Karyotyping of the fetal cells (obtained either from the amniotic fluid or from biopsy of the chorionic villi) can be used to assesses the morphology of chromosomes. New staining and cell sorting techniques have permitted the rapid identification of trisomies and translocations that produce chromosomes of abnormal lengths. However, molecular analysis of fetal DNA promises to provide the most detailed genetic picture. The development of Polymerase Chain Reaction (PCR) has dramitically shortened the time needed for the DNA analysis.
The sources of DNA may be obtained from white blood cells, amniotic fluid, or chorionic villi.
Direct diagnosis of sickle cell disease using Restriction Fragment Length Polynorphism (RFLP): The genetic disorders of hemoglobin are the most common genetic diseases in humans. At present, treatment for most of these disorders is limited. Prenatal diagnosis (in association with genetic counseling) allows time for making informed decisions concerning continuation of the pregnancy. Sickle cell disease is an example of a genetic diseases caused by a point mutation.
In the past, Dx of Sickle cell anaemia involved the determination of the amount and kinds of hemoglobin synthesized in red cells obtained from fetal blood. For example, the presence of hemoglobin S in hemolysates indicated sickle cell anemia. However, the invasive procedures to obtain fetal blood have a high mortality rate (about 5%), and diagnosis cannot be carried out until late in the second trimester of pregnancy when Hb S begins to be produced.

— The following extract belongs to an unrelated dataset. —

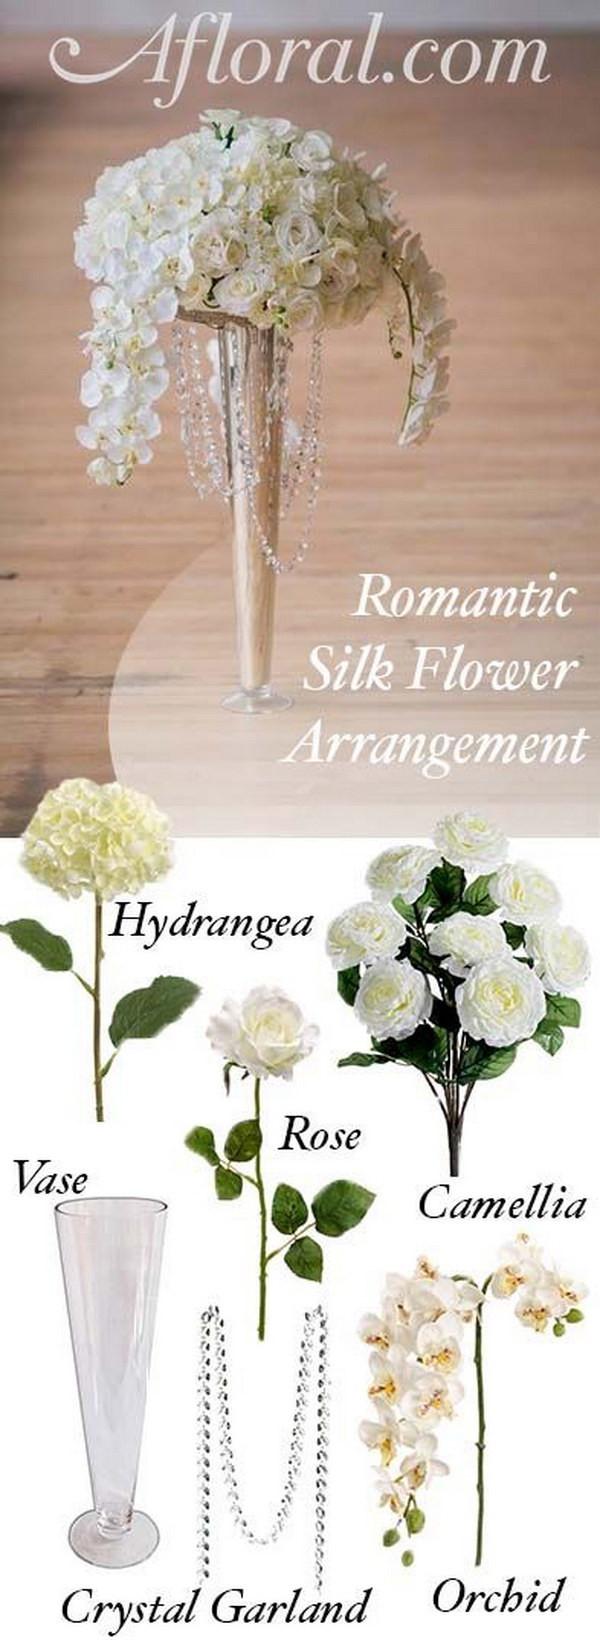 Best ideas about DIY Tall Wedding Centerpiece . Save or Pin Awesome DIY Wedding Centerpiece Ideas & Tutorials Now.

By the technique of RFLP, diagnosis is more safe (because it takes fetal cells from either the amniotic fluid or the chorionic villi) and earlier. The sequence altered by the point mutation (A to T base mutation) abolishes the recognition site of the restriction endonuclease MstII that recognizes the nucleotide sequence CCTNAGG (where N is any nucleotide), Thus, the A-to-T mutation within a codon of the βS-globin gene eliminates a cleavage site for the enzyme
Normal DNA digested with MstII yields a 1. 15-kb fragment, whereas a 1 Normal DNA digested with MstII yields a 1.15-kb fragment, whereas a 1.35-kb fragment is generated from the βS gene as a result of the loss of one MstII cleavage site. Following electrophoresis, probes are used specifically for the β globin gene will yield different length fragments and thus settling the diagnosis of sickle cell disease (i.e. homozygus or SS) and sickle cell trait (heterozygus or AS) compared to normal (AA).
Indirect, prenatal diagnosis of phenylketonuria (PKU) using RFLP: Phenylalanine is an essential aromatic amino acid that is mainly (90%) metabolized in the liver by phenylalanine hydroxylase (PAH) enzyme to tyrosine. The gene for this enzyme that is located on chromosome no. 12 is deficient in PKU. This gene spans about 90 bp and contains 13 exons separated by introns. Mutations in this gene occur in all these exons mostly of missense type although splice, nonsense and silent mutations in addition to deletions and insertions can all occur.
How the gene will be identified? To establish a diagnostic protocol for this genetic disease, one has to analyze DNA of family members of the afflicted individual. The key is to identify markers (RFLP) that are tightly linked to the disease trait. Once these markers are identified, RFLP analysis can be used to carry out prenatal diagnosis.
DNA-based screening is useful not only in determining if an unborn fetus is affected, but also in detecting carriers of the mutated gene. PKU, like many inborn errors of amino acid metabolism, is inherited as an autosomal recessive trait. Identification of heterozygotes can aid in future family planning.